"The authorities were right
to abolish the past. We got rid of it. Videos, tapes, records,
clothing - parties, dot-com-dot, drugs. People were ailing
with it. Suffering will end. There is still an occasional
lunatic. Old women with images in their heads. Wandering
children. I am not immune to it, I sometimes feel like a
footprint on the ground on which no man has ever walked.
But still less and less frequently. Suffering is passing."
(from Have I None 2000)
Memories… Strictly forbidden
What do we expect from the future? And what can the future
expect from us, from our children?
These are the questions which Edward Bond (1934) is asking
with his powerful and multi-layered futurist fairy-tale. In
the near future, the year 2077, in Western Europe, a new order
is in power. Total control strictly forbids people the right
to memories, while anarchy rules the streets. In an attempt
to save mankind in a world which has managed to destroy the
essence of human existence for the sake of order, only sacrifice
represents a warning cry against all that is inhumane.
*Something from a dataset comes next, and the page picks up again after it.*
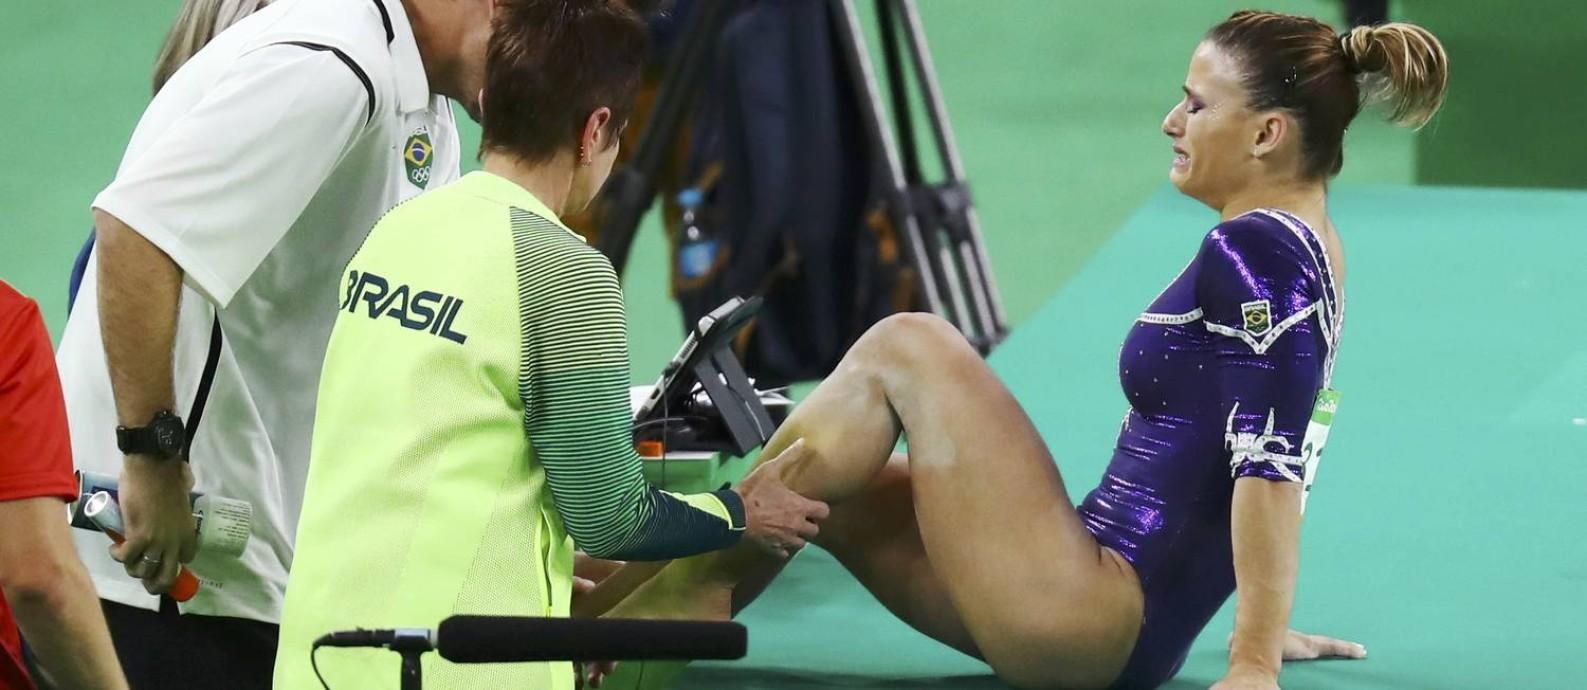 Jade Barbosa chora, com dor no tornozelo: ela aterrissou mal no exercício de solo durante provas individuais da ginástica e ficou de fora da Olimpíada Foto: KAI PFAFFENBACH / REUTERS

Edward Bond has inspired a whole generation of British playwrights,
after the publishing of a brilliant and controversial play "Saved" in
1965, in which he openly demonstrated on stage the naked brutality
of society. By celebrating the power of an individual, the
real potential in man, his plays breathe with understanding
and praise of man's ongoing struggle, in spite of being a warning
and critique of the society.
The THEATRON production group was founded in 2001, with headquarters
in Lund and Malmö, southern Sweden. Their principles are to entertain,
disturb and measure the things around us.